"Wine is about people."
That was the first piece of advice I was given when I began my interest in fine wine - short and sweet! It did not take me long to understand its significance. Mother Nature provides and determines the production of the wine - its type, quality, character and volume, etc.
A well-made wine reflects its origins; its grape varietal/s; the soil and terroir on which it is grown; and the weather during the growing season. Each wine also reflects the character and personality of the wine-growers, as well as their tastes.
When you have visited their wineries, met them, gone down into their cellars with them and barrel-tasted their wines, memories come flooding back of the wine-makers in their cellars, talking and discussing their wines with you as you taste from barrel to barrel.
These memories remain, packed into the recesses of your mind to be revived whenever you drink their wines. The wine becomes even more alive and meaningful to you. Yes, wine is about people.
The significance is even greater if you have walked the vineyards and navigated your way around the barrels in the cellars like those of Château Certan and Le Pin with the Alexandre Thienpont and his cousin, Jacques Thienpont, whose families own the Châteaux. A glass of Vieux Château Certan brings back memories of Alexandre with his soft, shy voice discussing the current vintage, the growing season, the specific qualities of the vintage and comparing it with past vintages.

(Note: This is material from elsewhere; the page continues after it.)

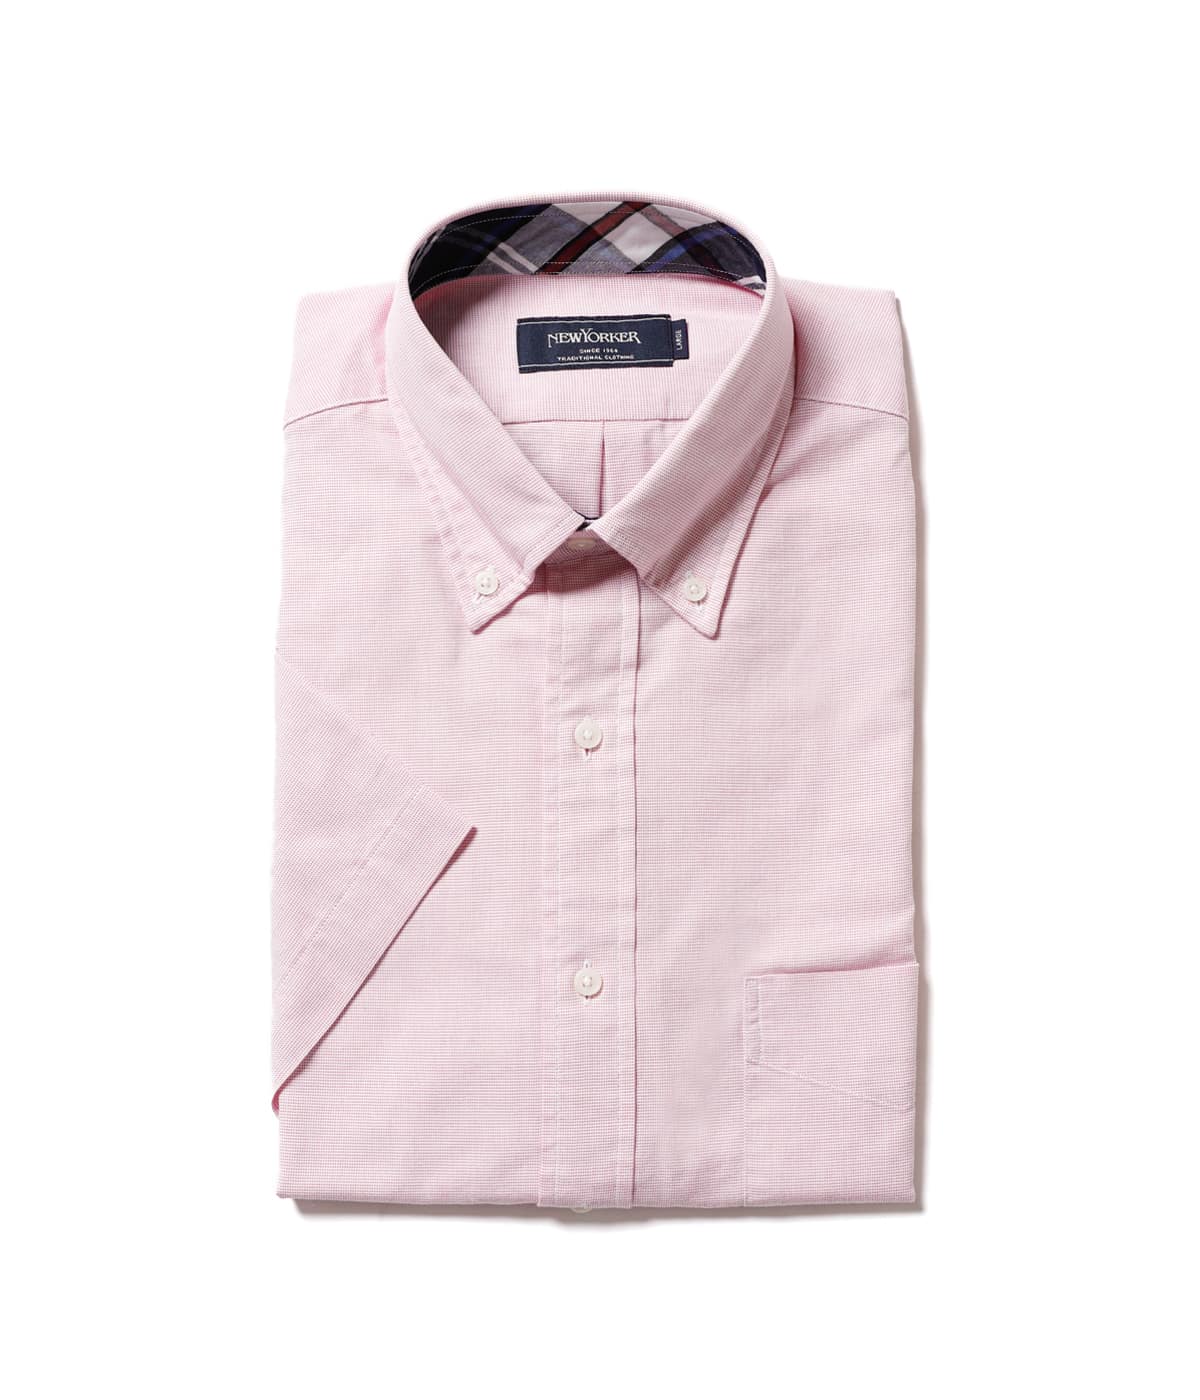 【COOL COMFORT(吸水速乾)】シャンブレーピンチェック 半袖ショートボタンダウンシャツ

Memories abound of Francois Millet, wine-maker at Domaine Comte de Vogue in Chambolle-Musigny, in his characteristic soft voice, proudly describing his wines; of Christophe Roumier at his Domaine quietly offering us a tasting from the Domaine's only barrel of the great Musigny. And Christophe telling us that he produces only 24 cases of his Musigny - which explains the astronomical price of Roumier's Musigny in the market-place today.
Then there is Egon Muller of Egon Muller-Scharzhopf in the Mosel-Saar-Ruwer, with his signature broad smile on his face as he welcomes you to his estate; soft-spoken Helmut Donnhoff and his wife Gaby, of Schlossgut Donnhoff, in the Nahe, Pablo Alvarez of Vega Sicilia, welcoming you with outstretched hand; Peter Sisseck, speaking characteristically almost breathlessly, as he shows you his wines; Alvaro Palacios, frustrated bull-fighter but wine-maker par excellence, enthusiastically describing his wines as you taste them with him in his cellars in Bierzo, Priorato, and Alfaro, and so on. These memories are indelible. They warm your heart.
Away from the Châteaux, Domaines, vineyards and cellars are the other friends and people, those who introduced and led you by the hand into the world of wine in those early days. Memories and thoughts of David Peppercorn, M.W., pre-eminent wine writer and author of a great monograph on Bordeaux wines, who together with his wife Serena Sutcliffe, M.W., and Michael Broadbent M.W., distinguished wine authority and writer, helped open the whole world of wine.
And opportunistically timely, Robert Parker, who burst into the wine world in the mid-80s with his Wine Advocate and 100-point score for wines, which immediately displaced the English five-star or 20-point scores as the 100-point scale is much more familiar and easier to remember - possibly because it reminded you of your examination scores in school.
Wine is about people, and people always also include those great chefs in whose restaurants you had memorable meals with equally memorable wines. Great chefs (and friends) such as Dieter and Elvira Kaufmann of the Michelin-starred Restaurant and Hotel Zur Traube in Grevenbroich; Joel Robuchon of L'Atelier in Paris; Tetsuya Wakuda of Waku Ghin in Singapore, etc.Chefs such as Joel Robuchon dished up memorable meals with equally memorable wines.Photo: AFP
And then there are your family and the friends with whom you have spent many a quiet and happy moment sharing a bottle or two of your favourite wines, and better still, a new wine to experience and explore.
Wine is a journey which you do not walk alone. One cannot imagine anything sadder, or more miserable, than the person who sits by himself, alone, as he drinks a bottle of wine.
Do not forget also that wine opens and frees the mind - and tongue (Watch it!). Somehow there seems a greater clarity in your thoughts, a greater dimension, as if there is a vast open space within which to ruminate and reflect - and dream. Memories - both happy and sad - come flooding back, reminding you of who you are, and why you are there. It is a time to be silent too, as your thoughts and memories come flooding back, a time to thank your God for having smiled on you and yours.
"They also serve who only stand and wait," wrote the 17th century English poet, John Milton. Perhaps these lines could also mean: "They also serve who only stand and taste."